Massachusetts prides itself for taking gun control seriously, and has the results to prove it. The state’s gun mortality rate is the second-lowest in the country: 3.7 gun deaths per 100,000 people, according to the latest available data from the Centers for Disease Control and Prevention, trailing only Hawaii.
But preventing gun violence requires a sustained and vigilant approach. So what are the policy holes that need to be filled next?
Here’s one: Develop a better understanding of where guns used in crime come from, in order to fine-tune interdiction strategies and expose irresponsible sellers.
Crime guns often originate elsewhere, including neighboring states with weak gun laws. That’s not much surprise, considering the difficulty of buying a firearm in Massachusetts. Before anyone can buy a gun in Massachusetts, they have to subject themselves to a background check and file an application for a gun permit from their local police department. Only then can they go to a gun seller. Once they’ve acquired the firearm, they have to register it in a state database.

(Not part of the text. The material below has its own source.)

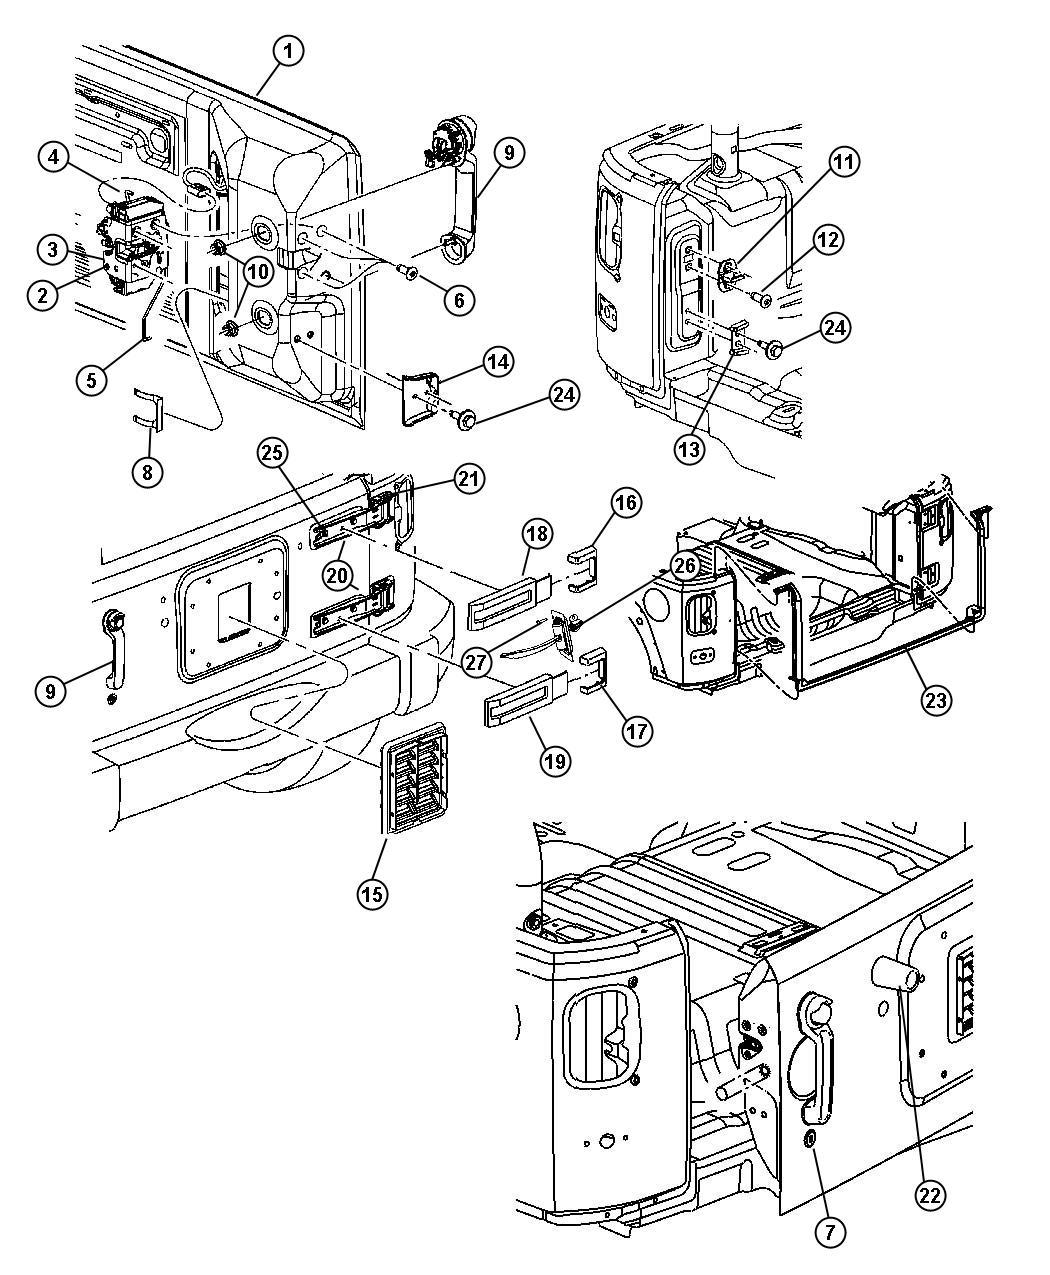 Jeep Parts Jeep Accessories Jeep Soft Tops At Morris 4x4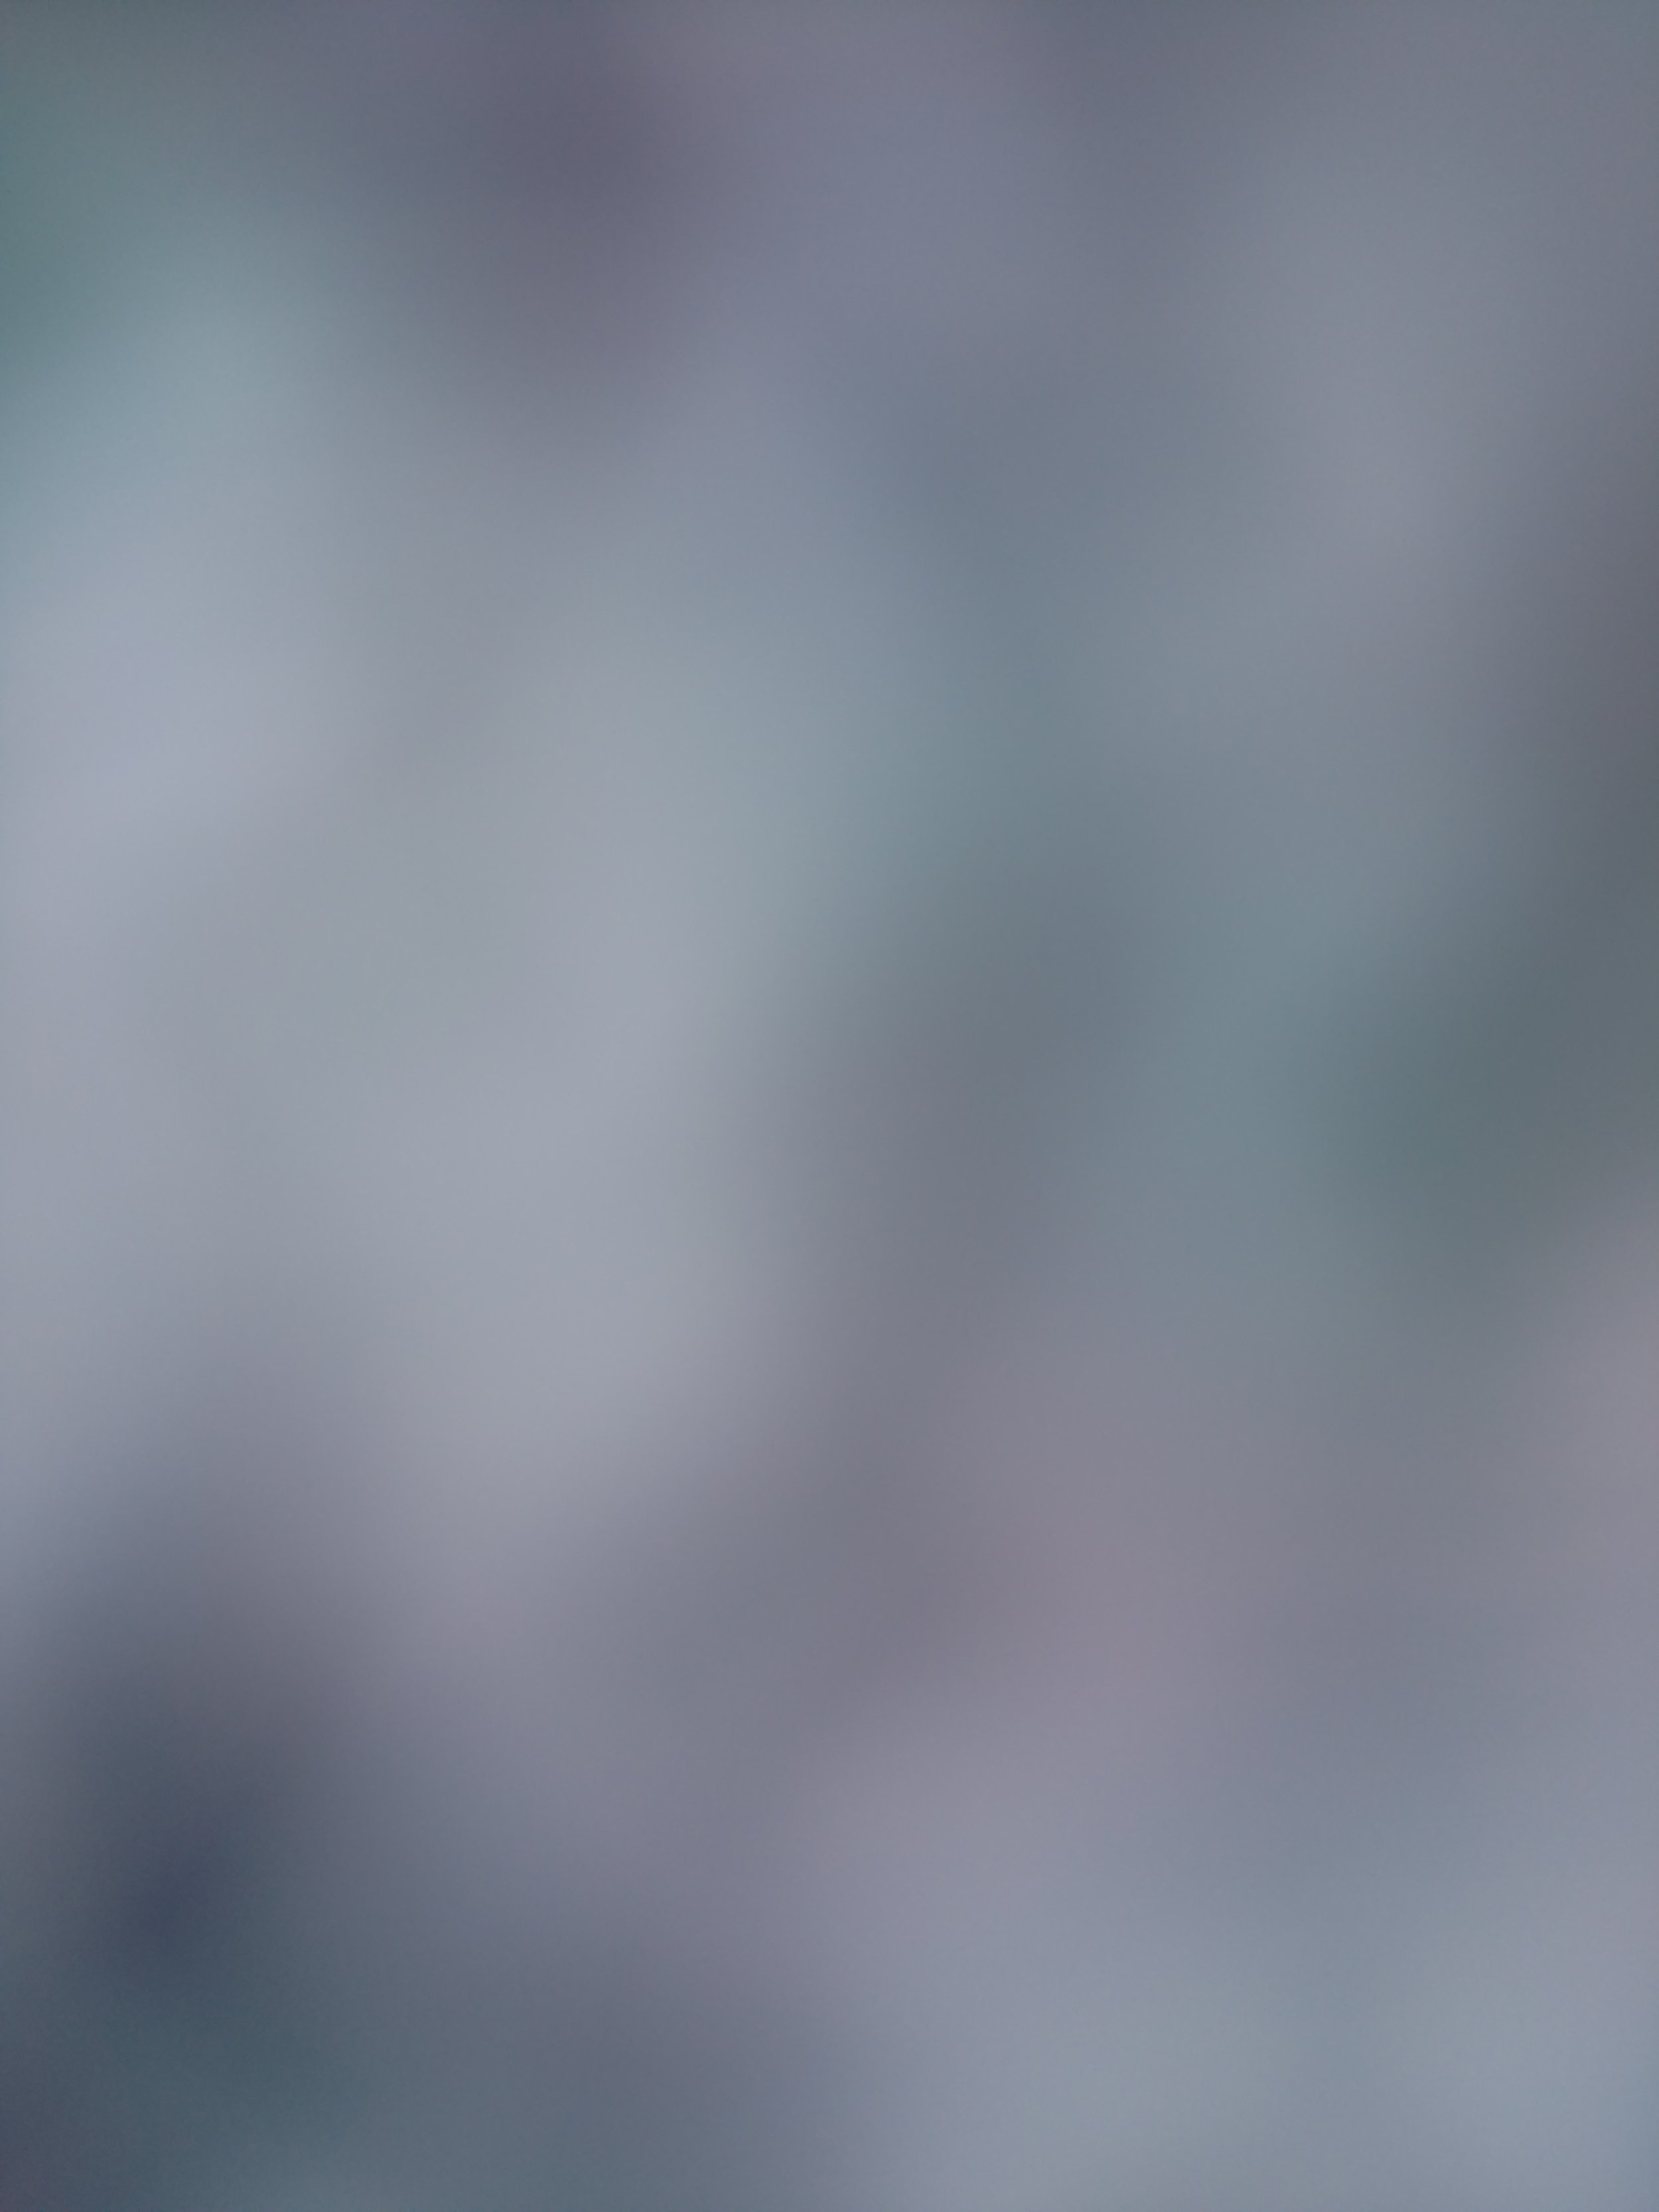 willroth-co-free-texture-gradient-002.jpg

Yet to avoid that hassle, all one has to do is drive up a few miles to New Hampshire or Maine, where the process is far easier and the rules are looser. New Hampshire does not require background checks online, at gun shows, or in private sales; in Maine, gun dealers or purchasers don’t need to get a state license. Not surprisingly, a 2017 trace data analysis showed that an increased share of crime guns recovered in Boston came from those two New England states.
The more gun data the state analyzes and makes public, the easier it should become to identify trafficking and crime patterns, and the extent to which lost and stolen guns end up in the hands of criminals.
Massachusetts state Senator Cynthia Creem filed legislation this year that builds on existing law requiring all firearms recovered in crimes to be submitted for tracing by local law enforcement. Creem’s bill requires the state to fund a university or nonprofit to analyze the collected trace data and produce biennial reports. The specific data points for the reporting include: statistics on firearms crimes, arrests, and prosecutions; aggregate data on the sources of crime guns; purchase and sales patterns as they relate to crime guns; and reporting on the usefulness of the existing requirement to notify law enforcement if guns are lost or stolen.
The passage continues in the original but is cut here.